I change the /etc/issue file in my config repo (second half of this
post) so that it prints out the IP of my machine. You don’t want to have to go
digging through DHCP logs to find out the IP of your new install.
|
The final configuration script simply performs a few git commands in a chroot environment so that my versions of all the config files are in the right spot and are tracked by git. More on how the root git repo is set up later, but for now lets take a look at the script:
#!/bin/sh
chroot /target /bin/bash <<"EOT"
cd /tmp
git clone https://git.sr.ht/~bosco/dungeonman
cp -r dungeonman/. /
chown -R ryan.ryan /home/ryan
EOT
You can’t easily clone into and existing directory and overwrite files, hence
the recursive copy. It’s also worth observing that the Debian installer uses
the BusyBox shell, so the interpreter for the script is /bin/sh
instead of
/bin/bash
.
There are a myriad of choices for getting the Debian installer to use your
preseed file including packing it into initrd, passing it as a DHCP option,
passing parameters as kernel options, or having the installer prompt you. I
chose the latter so that I could use the regular installer I already had on a
USB stick and just add my preseed.cfg
and preseed.sh
files to the root
directory. It took some exploring at the installer console to figure out where
the USB stick gets mounted (hint, it’s /cdrom
) but once I did I was able to
select Advanced Options → Automated Install
at the GRUB splash screen and
enter file:///cdrom/preseed.cfg
when prompted.
After selecting the interface I wanted to use, the installer chugs away for a few minutes before warning me it needs to reboot (you can disable that BTW).
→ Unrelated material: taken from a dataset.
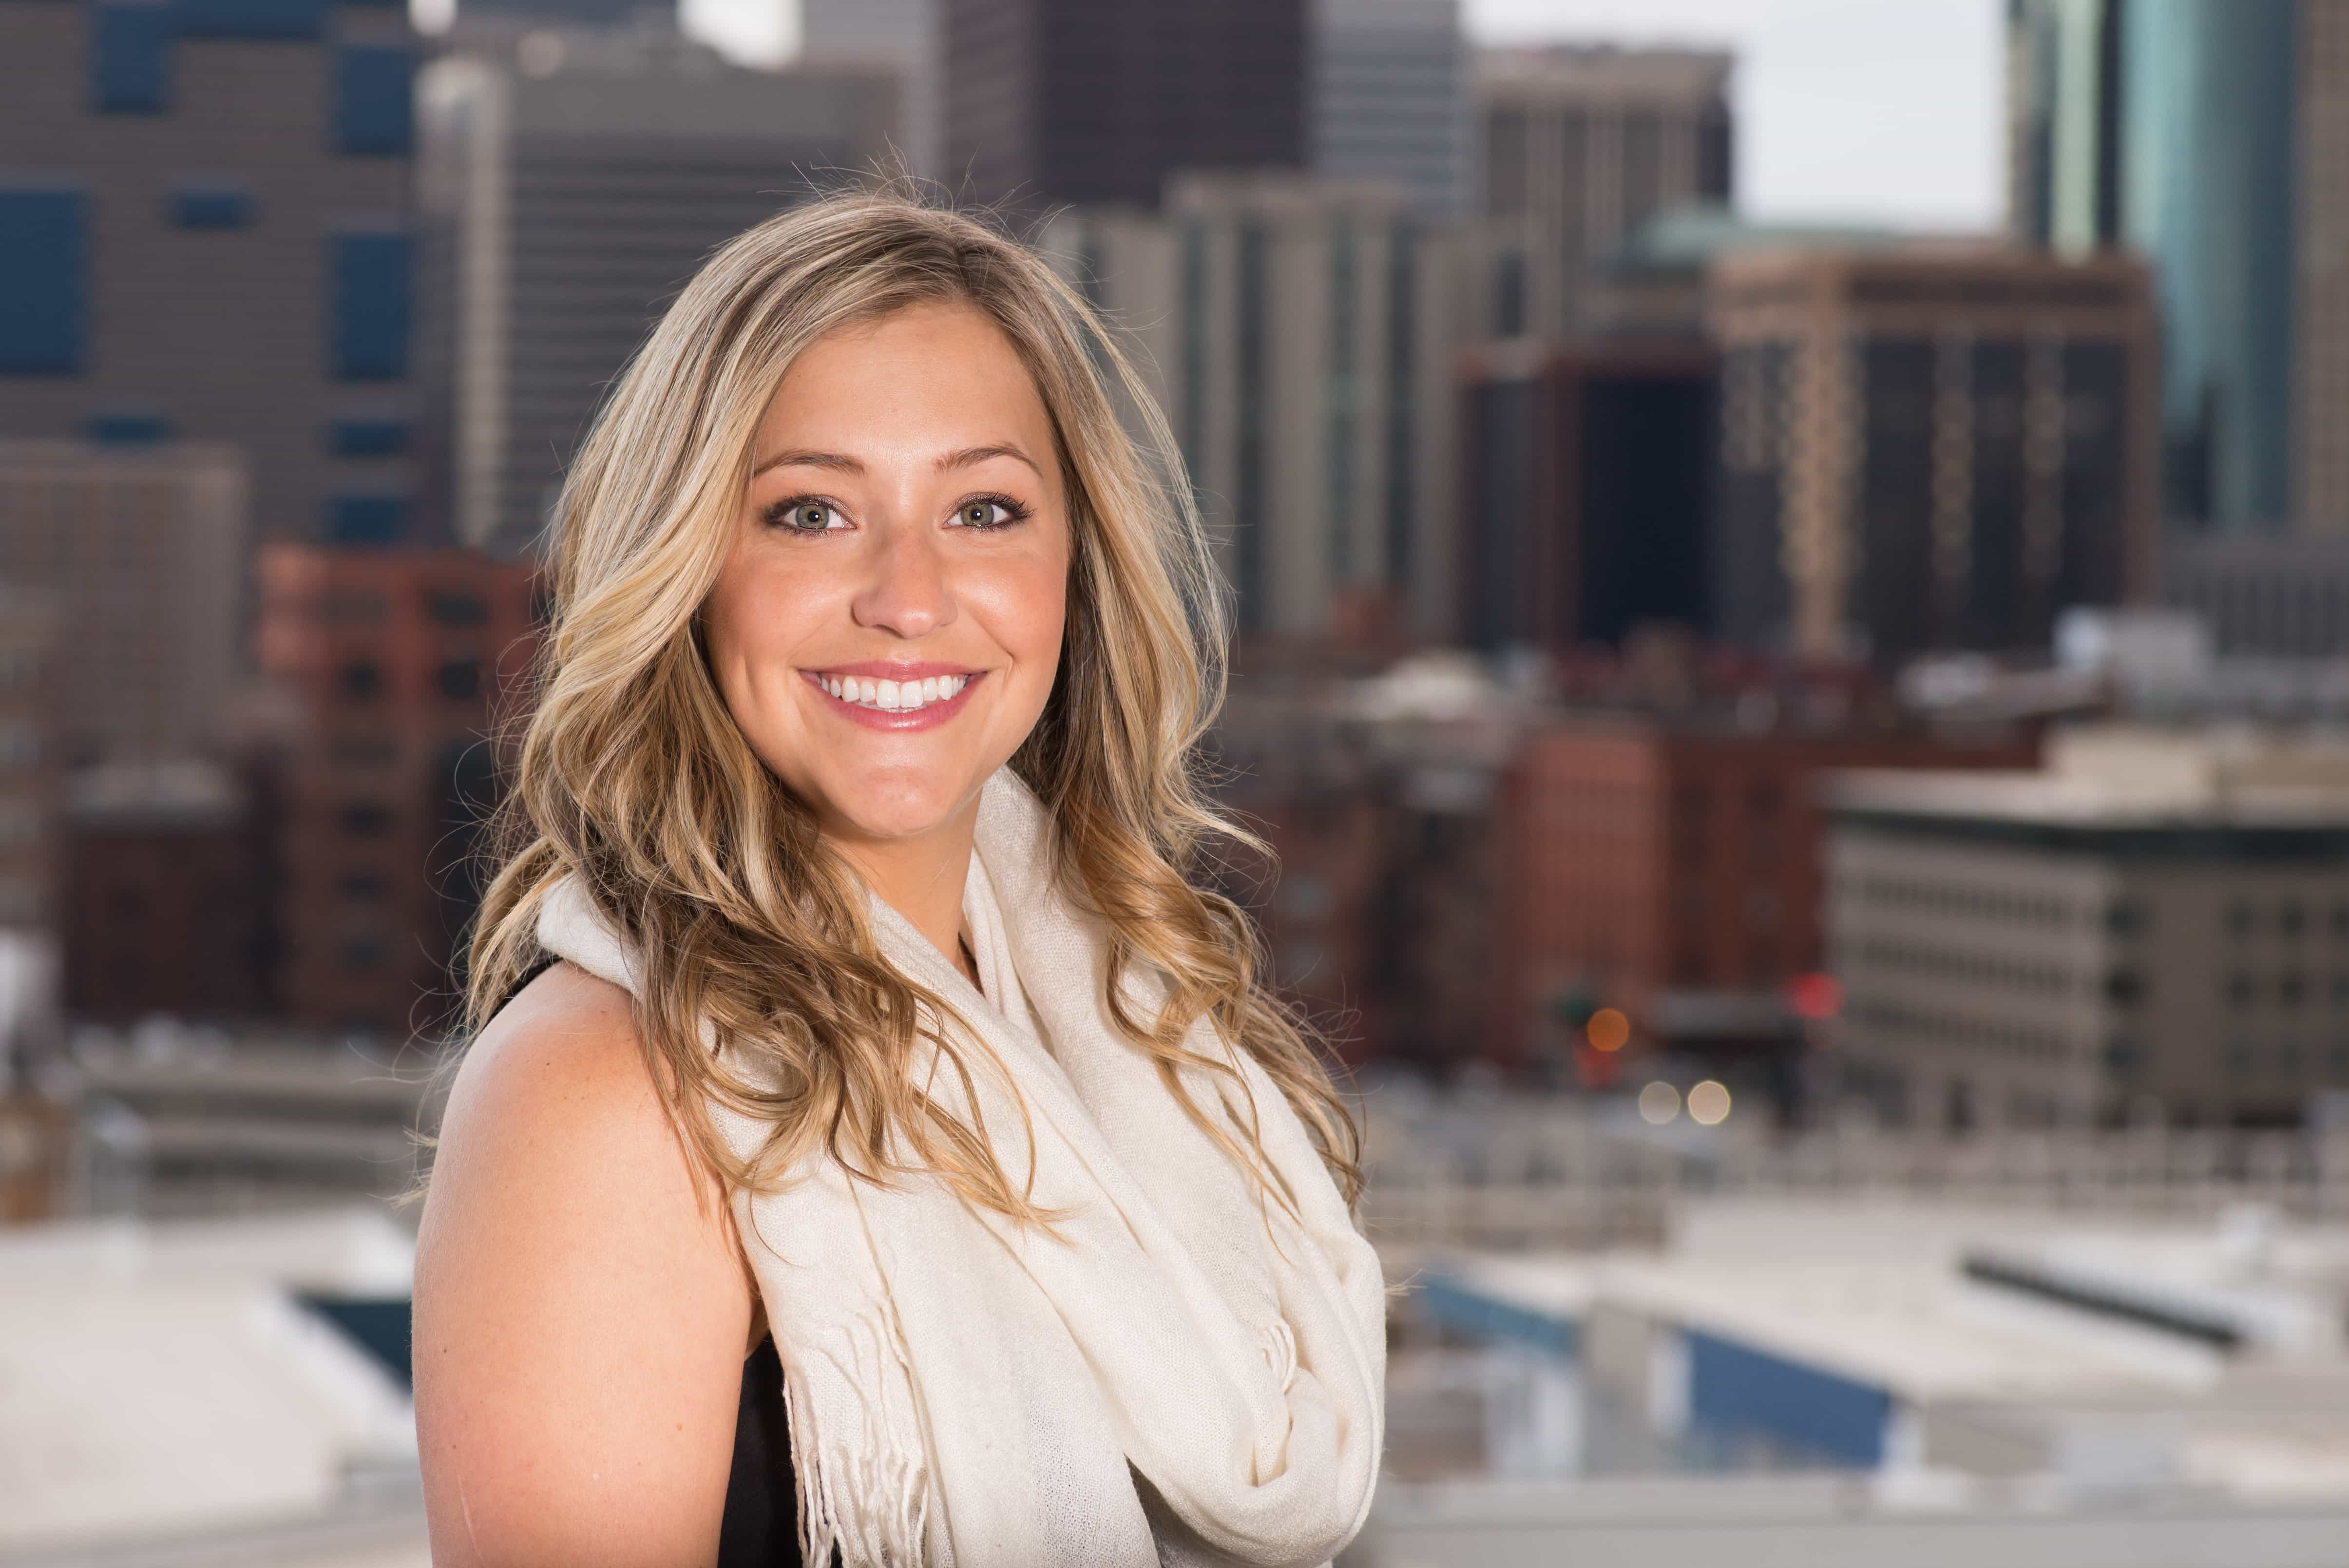 Professional realtor headshot with downtown denver in the background outdoors

Pulling the USB stick and hitting enter, I boot to a new fresh install of my system. Not bad for a handful of key presses.
Git for Config Files
A Linux system is largely a collection of configuration files in the right places. Knowing what to put in the files and where to put them keeps Linux sysadmins employed. The best way I can think of to keep track of files as I change and adjust them is with git, so I decided to make the root the file system on my new server a git repository. I am definitely not the first or last person to have this idea.
Running git init
as root, in the root directory will initialize things. To
make tracking easier in /
a .gitignore
file can be used as an allow list.
This way you only track the files you want:
*
!.gitignore
!preseed.cfg
!preseed.sh
!*/
!home/ryan/.vimrc
!home/ryan/notes.adoc
!home/ryan/.ssh/authorized_keys
!root/.ssh/authorized_keys
!usr/lib/systemd/network/10-internet.link
!etc/network/interfaces
!etc/issue
!etc/hostname
I realize this does clutter my root directory a bit, but it’s a price I’m
willing to pay to make the location of the preseed files obvious to anyone
who looks at it. Now when I build the system, I add my new SSH key to SourceHut
and I can use git to track any changes that I make to my configs. Just looking
at the .gitignore
file, you can see exactly what I’ve set up so far. There’s a
lot more work to be done, so expect a few more posts.